> _Exercise brief_: Return all the lines below exactly as written. Drop every picture.

> _Stored data_:
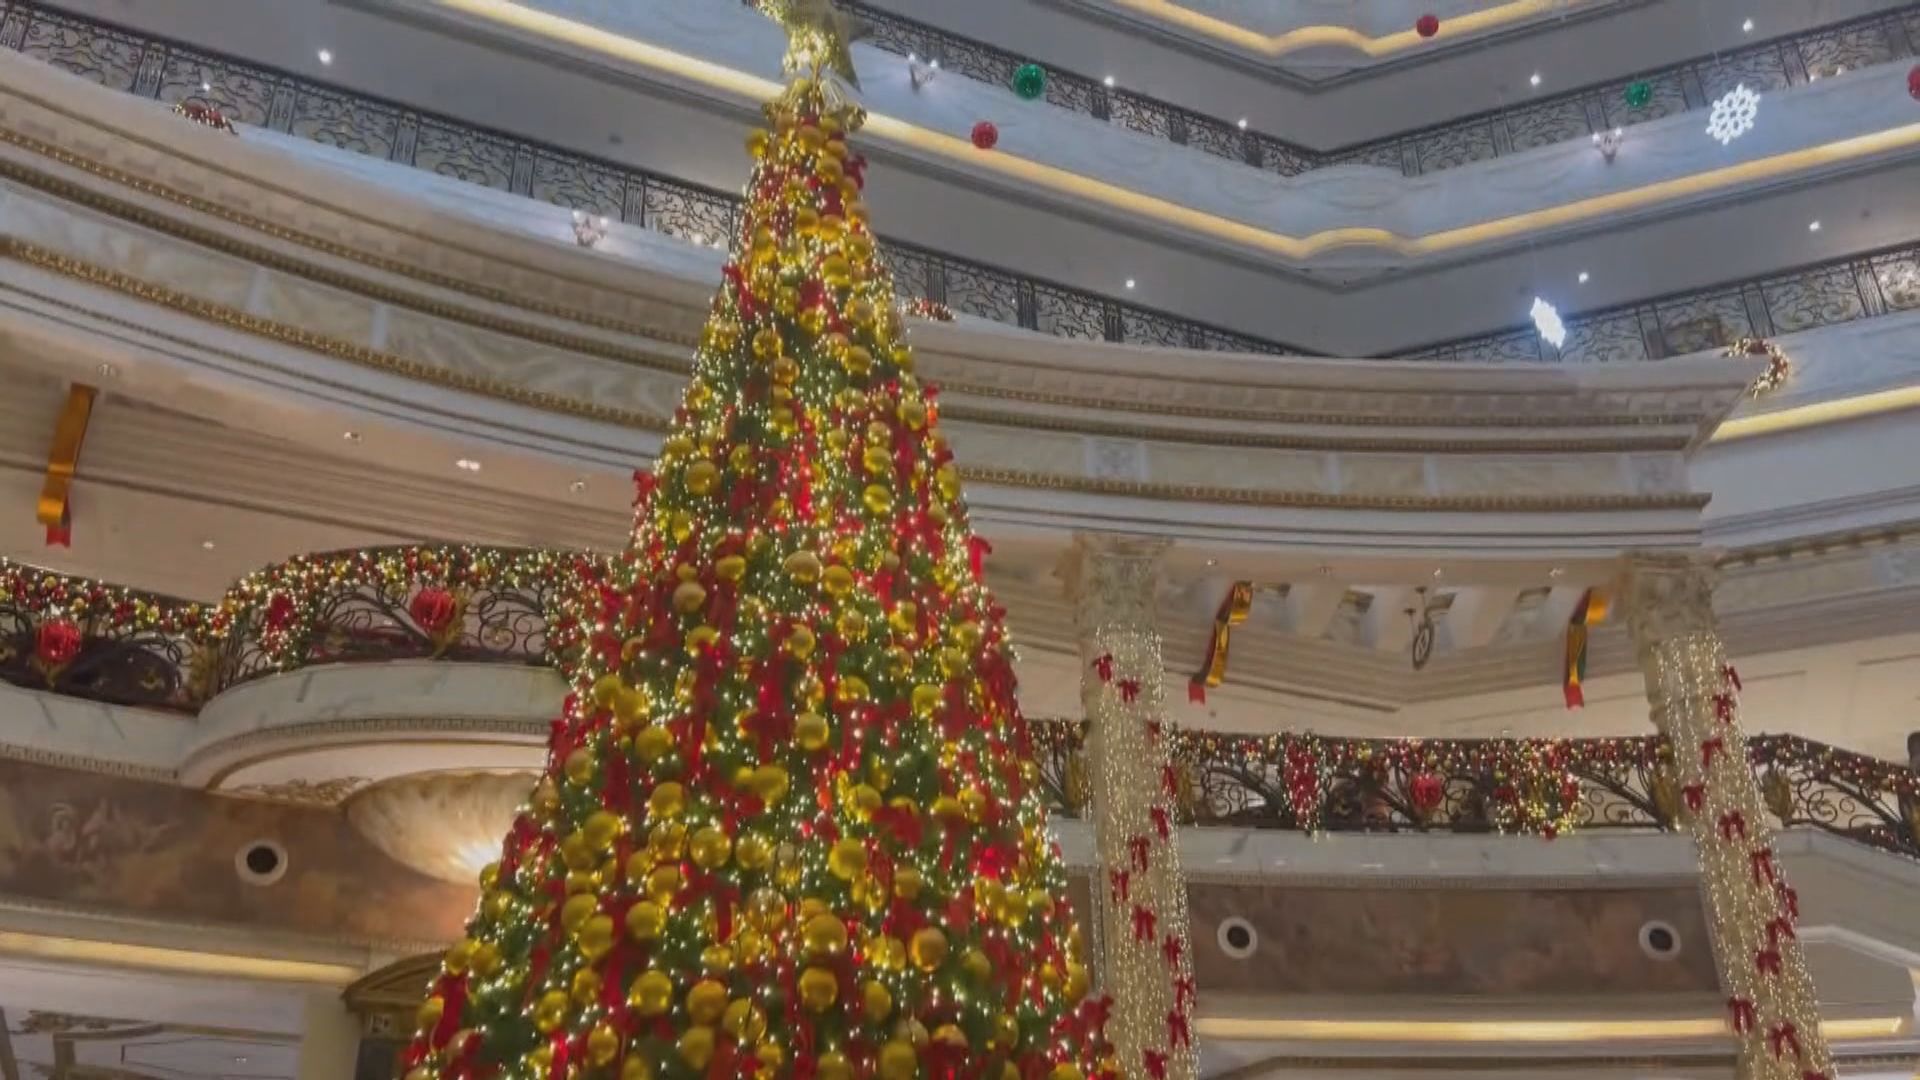 【首都專線】北京多處現聖誕氣氛 大使館辦市集增文化交流
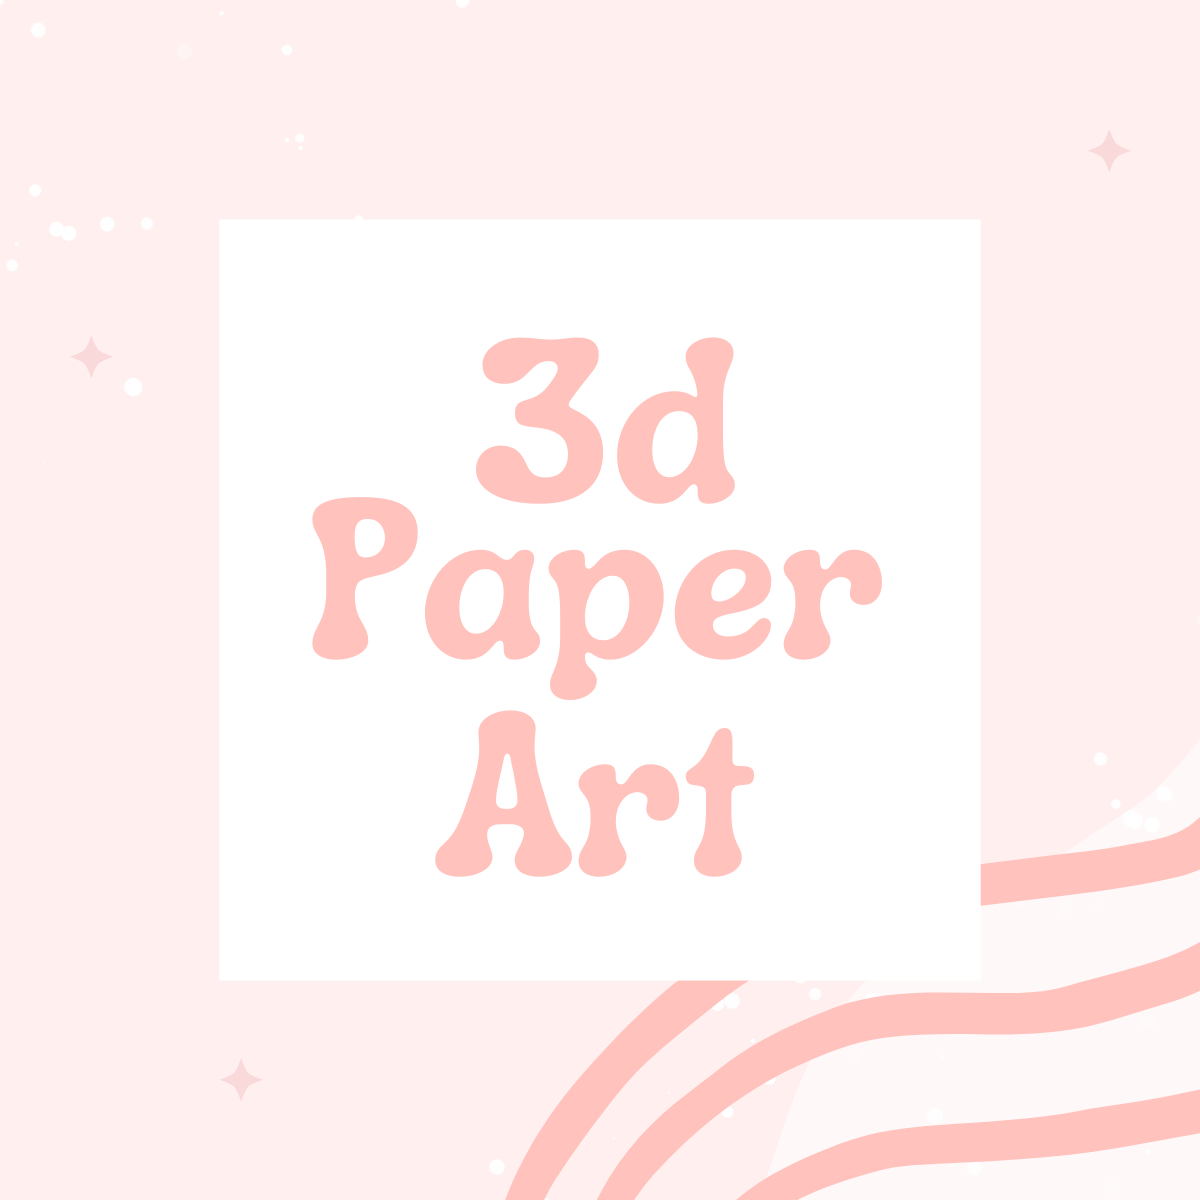 3D paper art
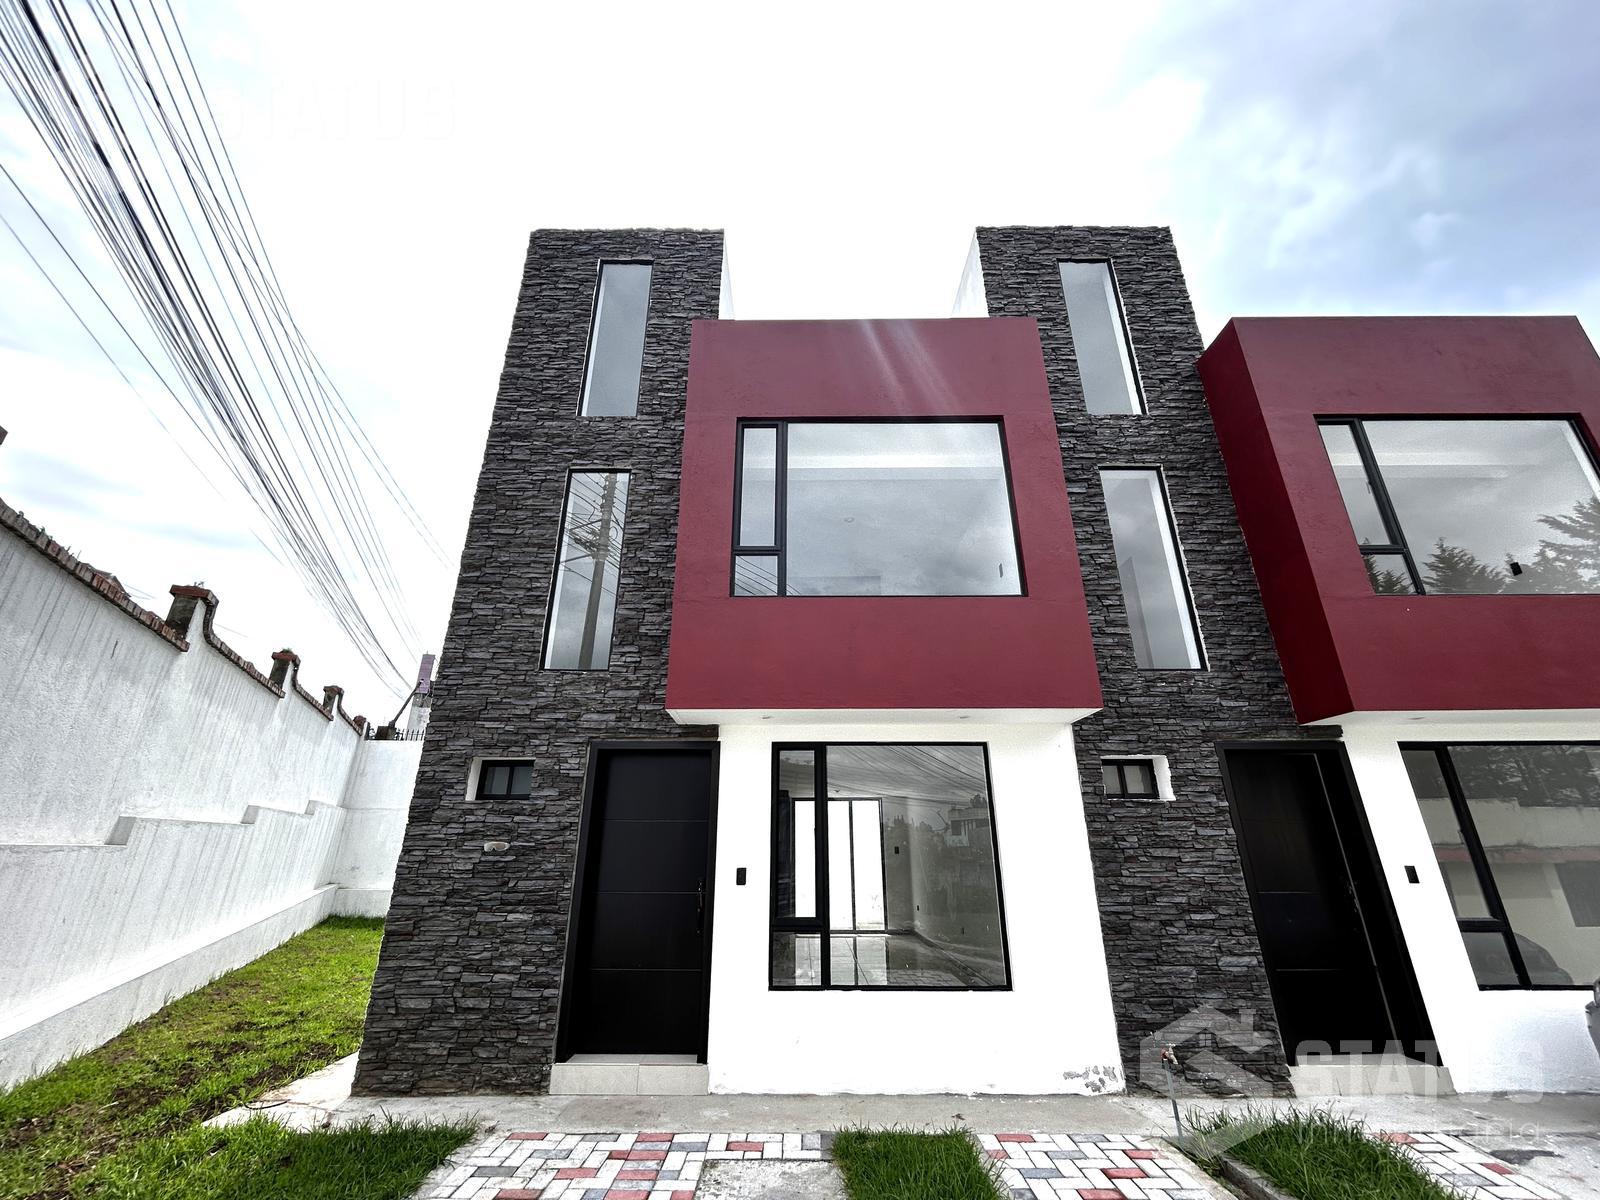 ¡Aplica crédito VIP! Vendo casa en conjunto 110 m, 3 Dorm., 1 Garaje, sector La Armenia II, $99.900
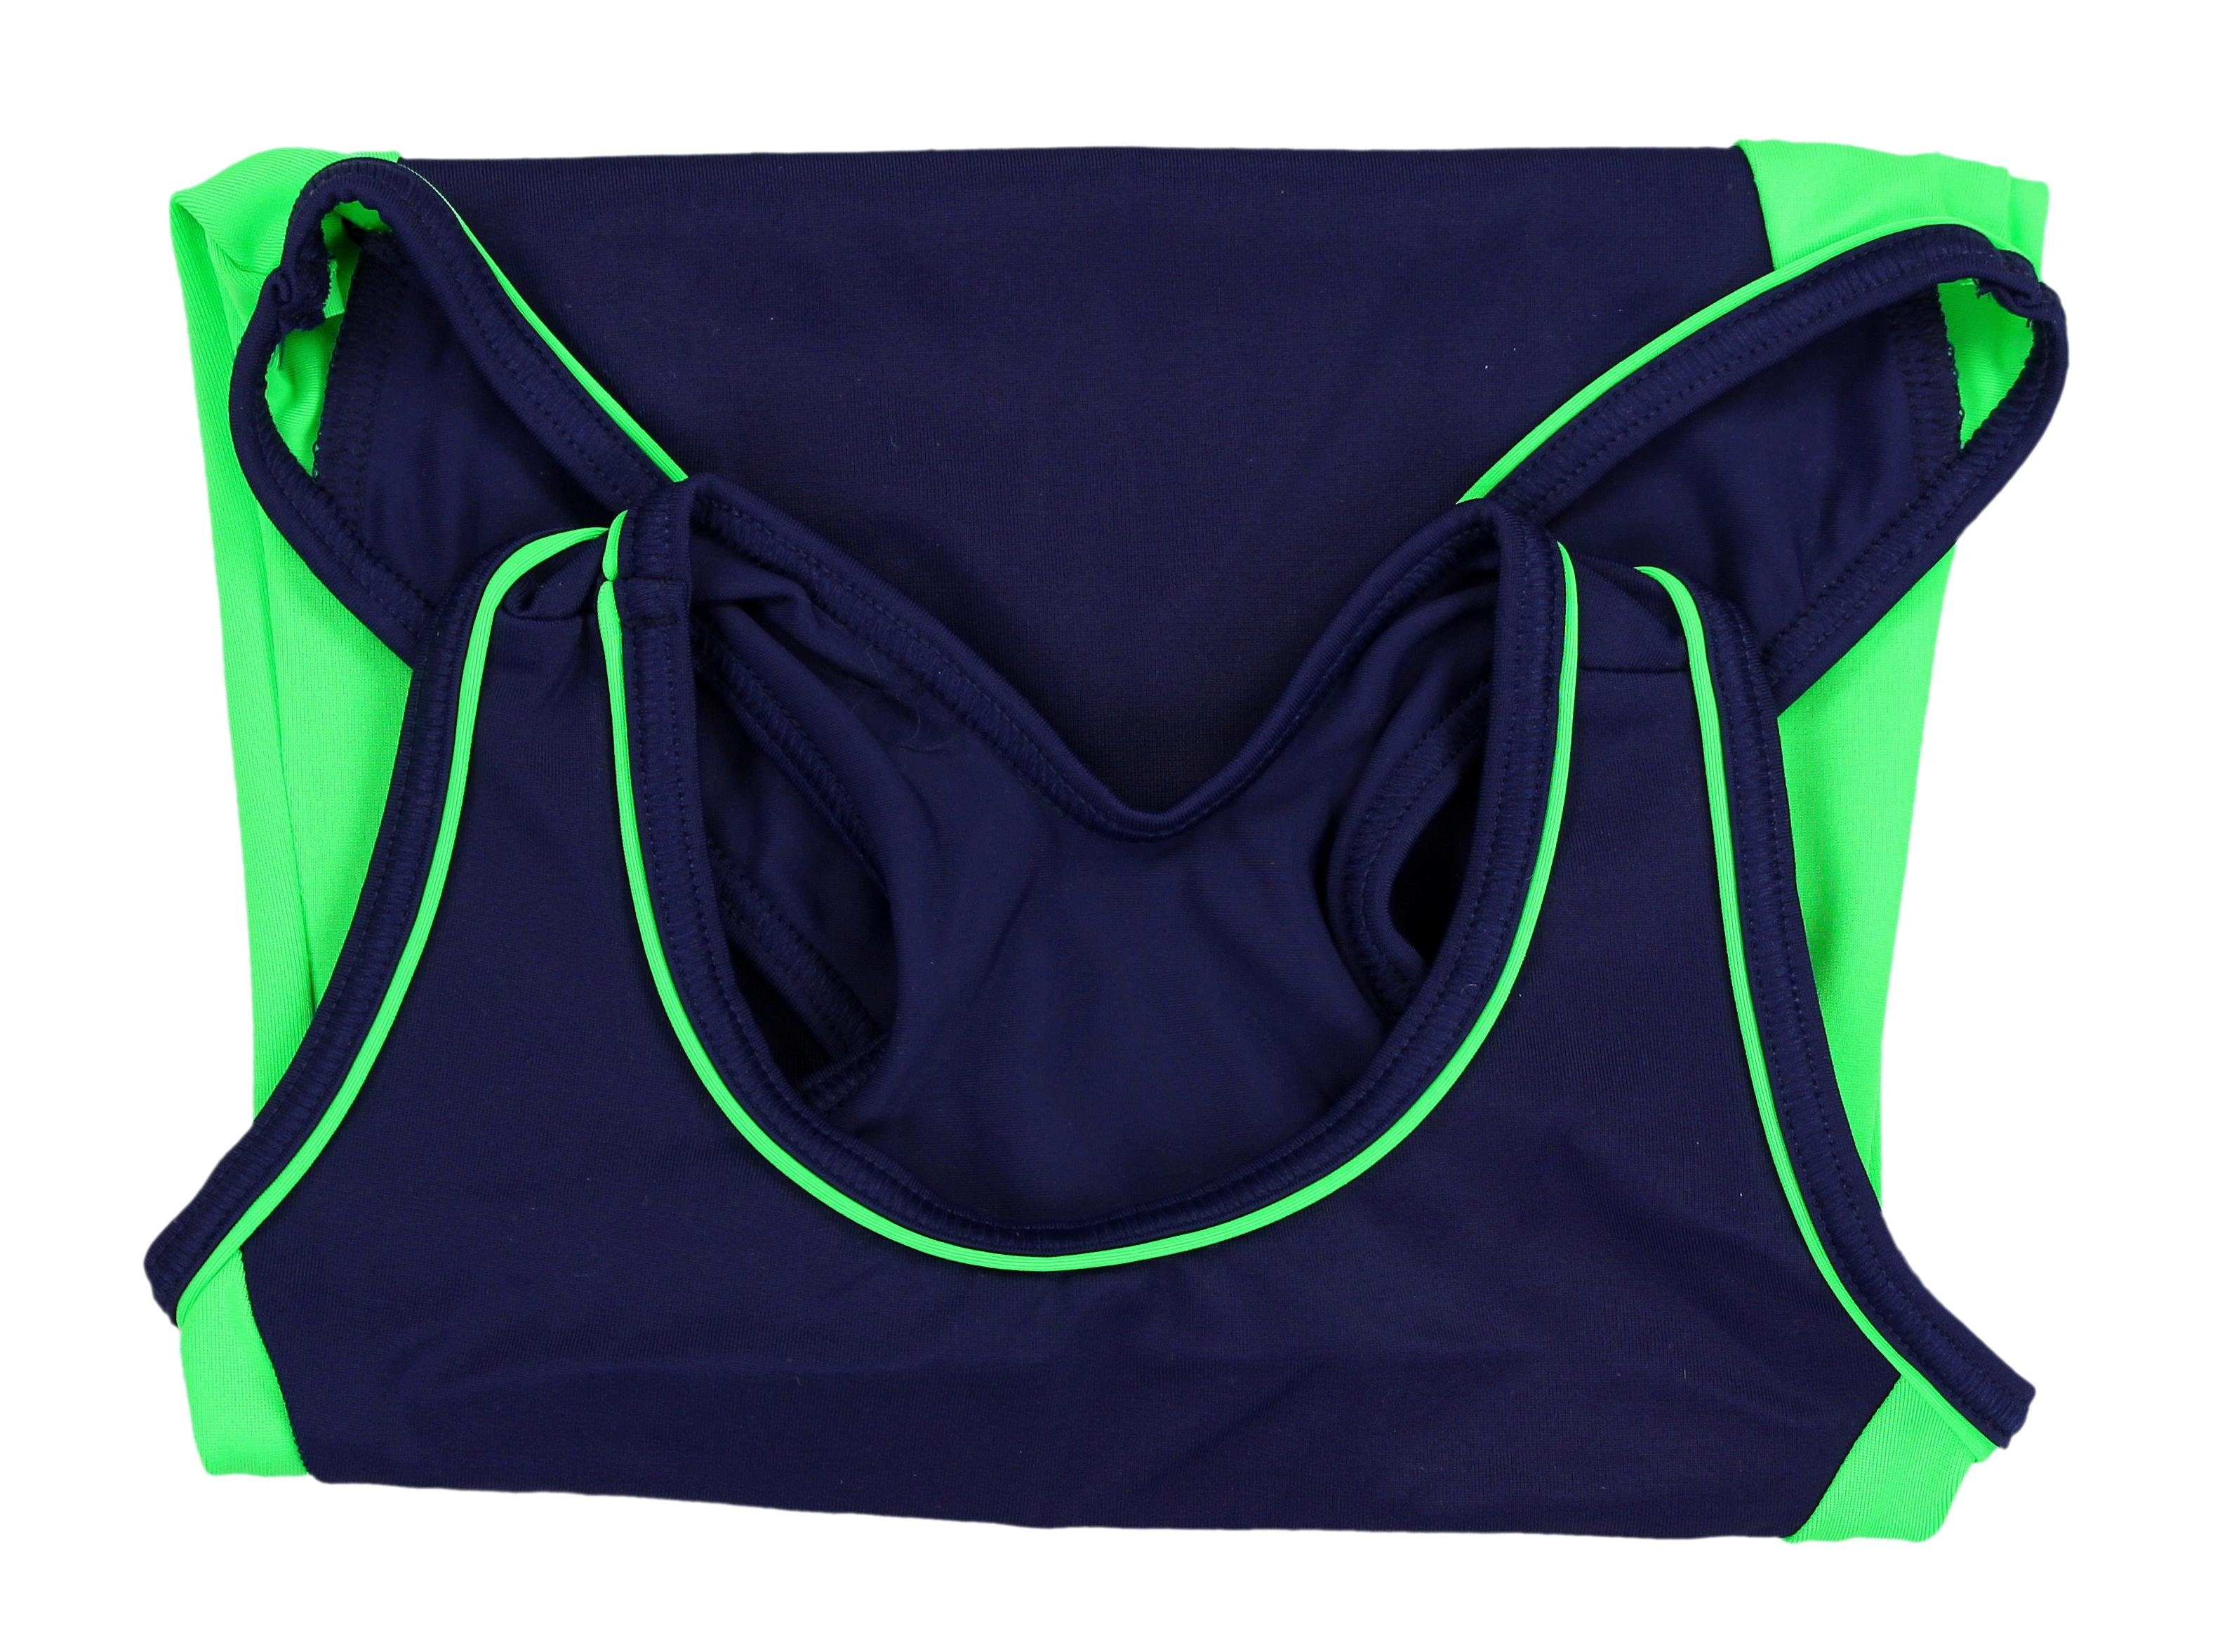 Schwimmanzug mit Grün Dunkelblau Sportlich Aquarti / Schwimmanzug Racerback Aquarti Badeanzug Mädchen

> _Written solution_:
 【首都專線】北京多處現聖誕氣氛 大使館辦市集增文化交流
 3D paper art
 ¡Aplica crédito VIP! Vendo casa en conjunto 110 m, 3 Dorm., 1 Garaje, sector La Armenia II, $99.900
 Schwimmanzug mit Grün Dunkelblau Sportlich Aquarti / Schwimmanzug Racerback Aquarti Badeanzug Mädchen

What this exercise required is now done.